28 February 2007

Whew!

I may not be smarter than one, but at least if I went head-to-head with a fifth-grader, there's a very good possibility I might come out on top.

According to a quiz on the Fox Website, I am AS smart as a fifth-grader - not bad when you consider it has been many years since I was a student in Mr. DelSesto's fifth grade class at Lippitt Elementary School in Warwick, RI.


Answering 9 out of 10 questions correctly, the only one I missed was "What is the largest South American country by area?" I nearly selected the correct answer - Brazil - but instead checked Argentina. I'm not sure why. Maybe because the name is longer.

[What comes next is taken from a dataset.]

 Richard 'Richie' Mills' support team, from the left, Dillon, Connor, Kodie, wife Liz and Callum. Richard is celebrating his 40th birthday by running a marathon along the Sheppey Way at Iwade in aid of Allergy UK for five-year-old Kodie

I'm old enough now to know that I should always follow my gut, which is the advice I would give the adult contestants who'll appear on Are You Smarter Than A 5th Grader?, a game show hosted by redneck comedian Jeff Foxworthy and conceived by Survivor creator Mark Burnett, which premiers in three episodes this week. (Way to milk it.)

On the show, adult contestants will be asked a series of questions, supposedly taken from an elementary-school text book. If they answer 11 questions correctly, they win a million bucks. Not bad. And apparently, if they don't know the answers, contestants will have the opportunity to ask a panel of actual fifth-graders who play along. Hopefully these fifth-graders are not just a gang of pint-sized know-it-alls who bask in the glory of stupefying adults. Cause I know how I'd react to that.

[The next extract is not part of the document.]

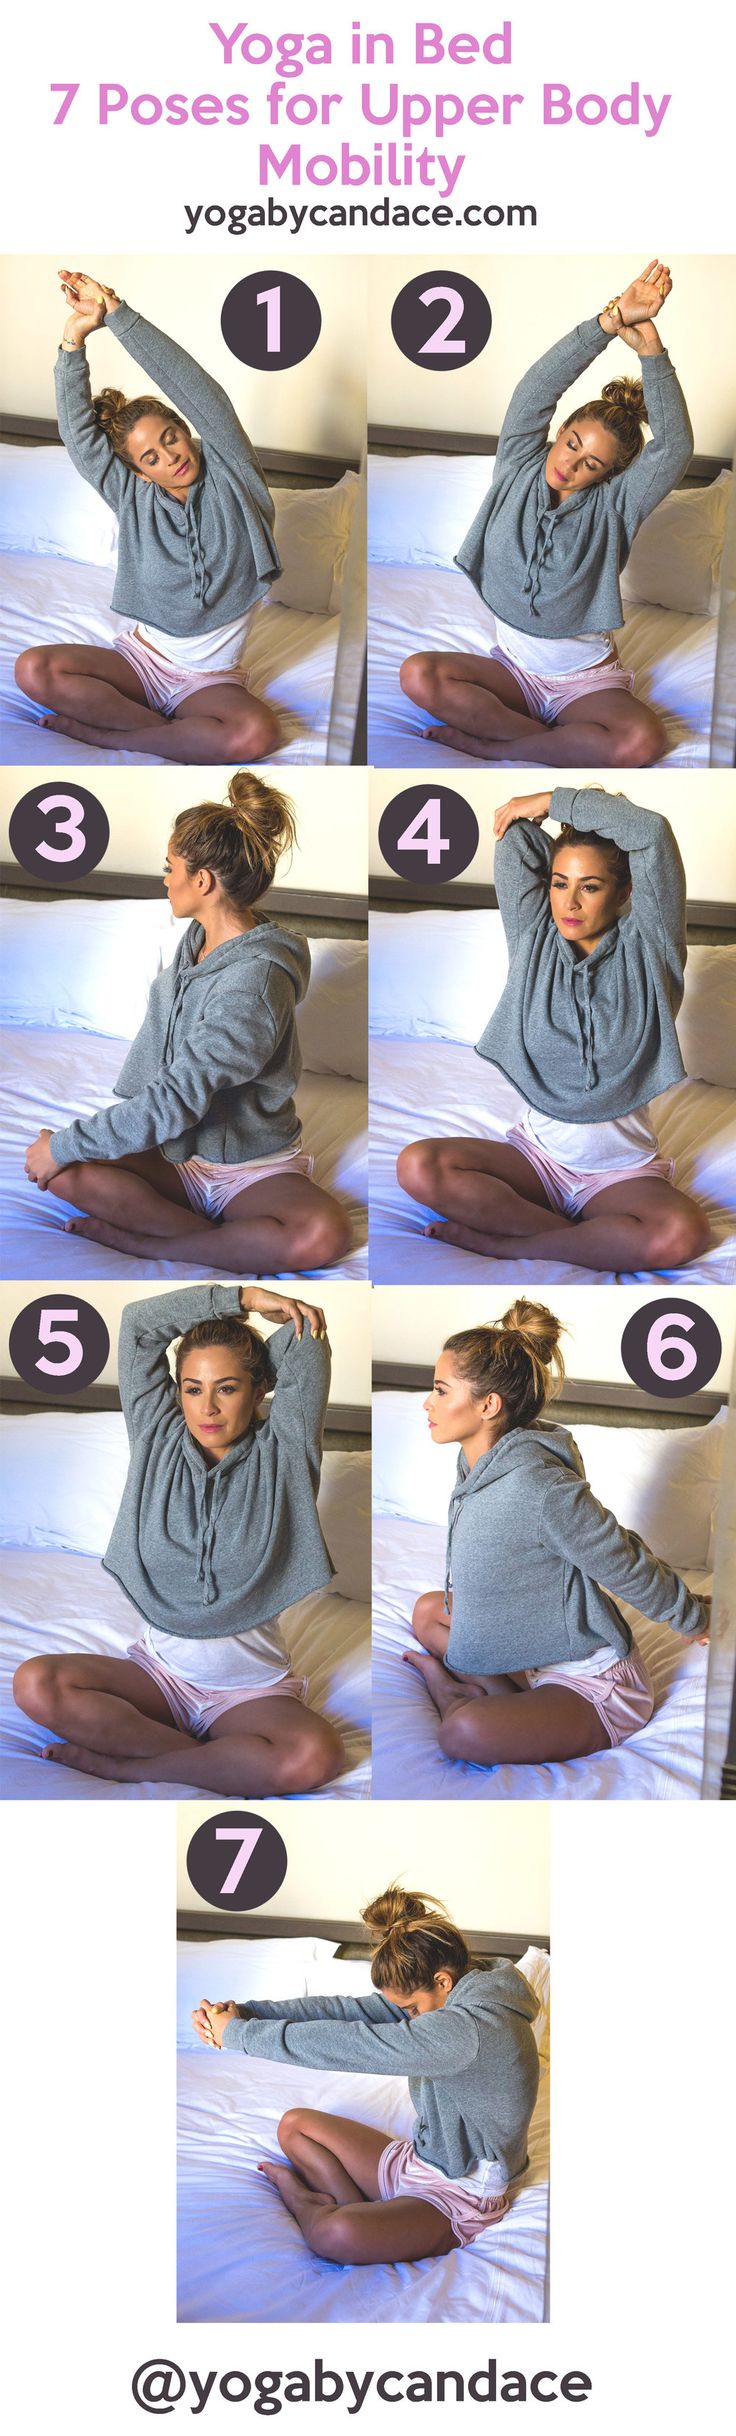 Yoga in Bed - 7 Poses for Upper Body Mobility!

They look innocent enough. But I'd watch out for the tall girl in the jean jacket. She looks like she's ready to rip you a new one.

26 February 2007

And the winner is...

Beats the hell out of me. I didn't bother to watch because the only nominated movie I saw was Little Miss Sunshine, which I suspected wouldn't win.

My only news of the Oscars came from Sandi during the tail-end of lunch at Friendly's with two screaming toddlers who were in need of naps. And now I've forgotten what she told me.

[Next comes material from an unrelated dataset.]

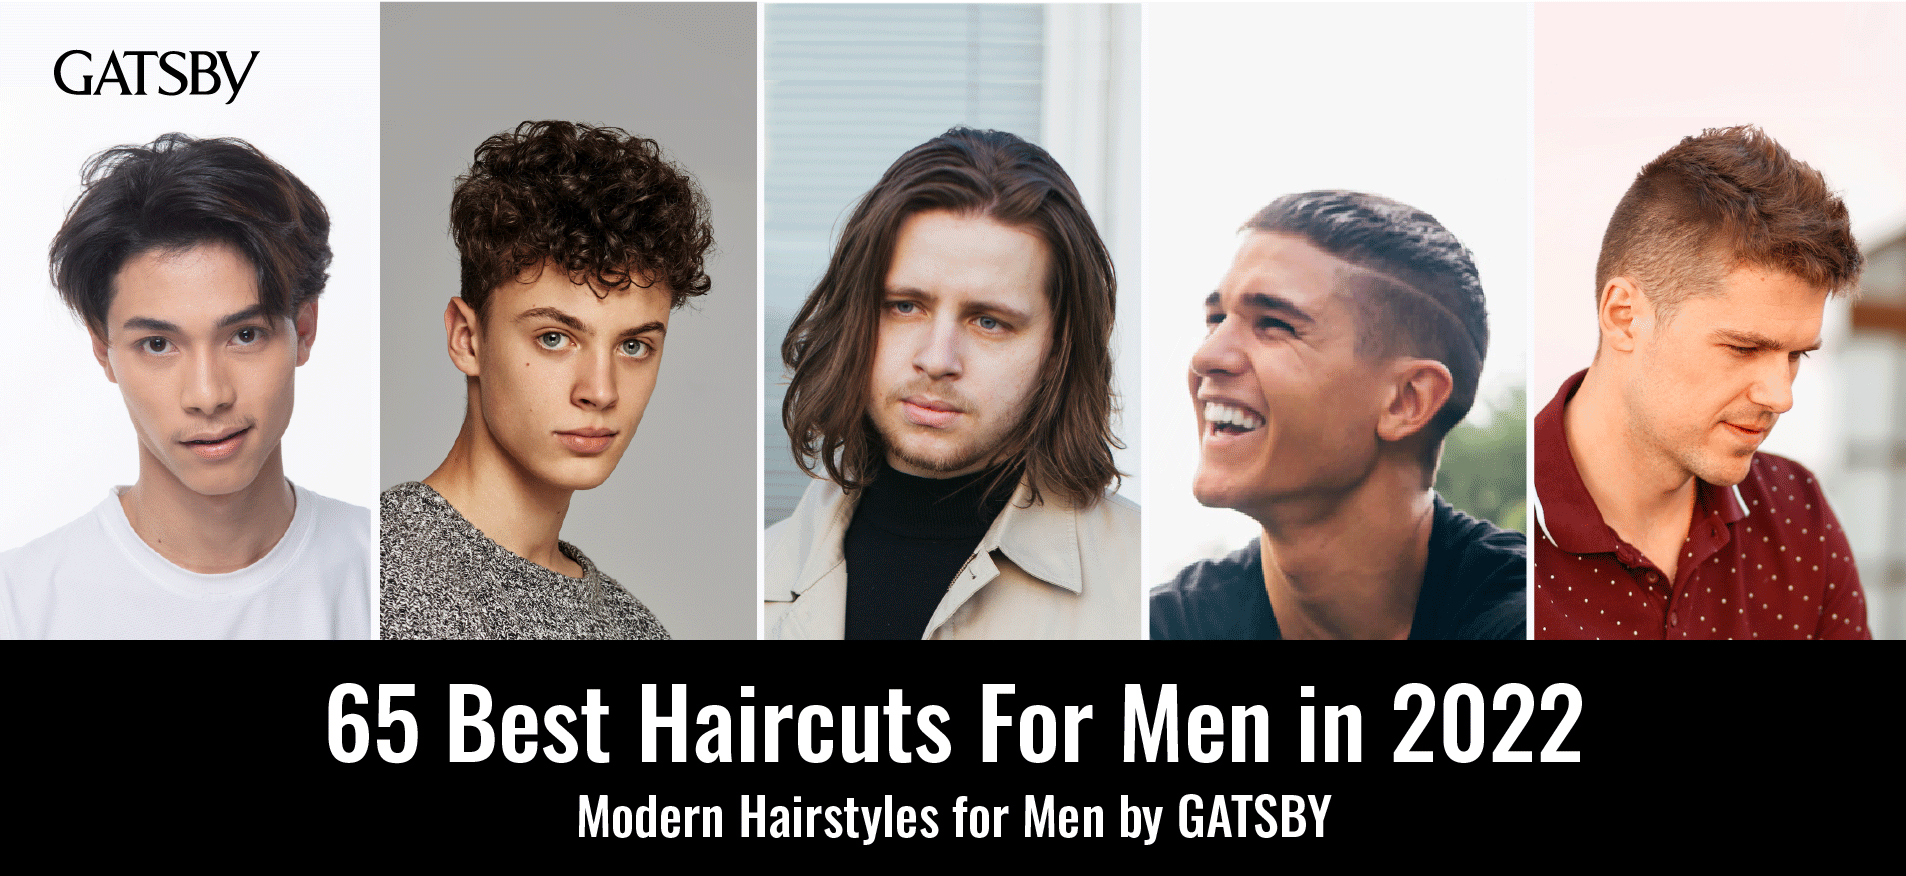 GATSBY | 65 Best Haircuts for Men in 2022

Incidentally, a Friendly's lunch too close to nap time - bad idea. (Is it ever really a good idea?!) Not only did I receive my garden salad (aka iceberg lettuce with loads of cheese) only moments before the check, but when, in an attempt to make my crispy chicken wrap a more healthy meal, I asked for it in lieu of fries, I was told the fries come with it anyway. Bastards!

To top it all off, we waited for the check as the kids serenaded the entire place with screams of dada! crayons! juice! hi! and our clueless waitress lingered at the table of two tattooed (ahem) gentlemen, discussing the semantics of serpents. This would have been the perfect opportunity to chew and screw (known in some circles as dine and dash) but I figured since I'm a mom now, I probably shouldn't risk getting arrested.

Instead, I knocked a dollar off her tip. So there!

21 February 2007

The power of Seuss


So I never really got Dr. Seuss. I mean, I understood the stories - in the way that you can understand stories about rotting food and one creature's quest to get another to eat them.

But what I mean is, I never really quite got why the writer is so well-loved, so revered. But now I do. Before my son was even born, he received a ton of Dr. Seuss books. But, for some reason, maybe because I thought he wasn't old enough yet, I put them aside each and every time story time rolled around. Yesterday, he seemed so hell bent on being read Green Eggs and Ham, that I decided to go for it. Two things happened.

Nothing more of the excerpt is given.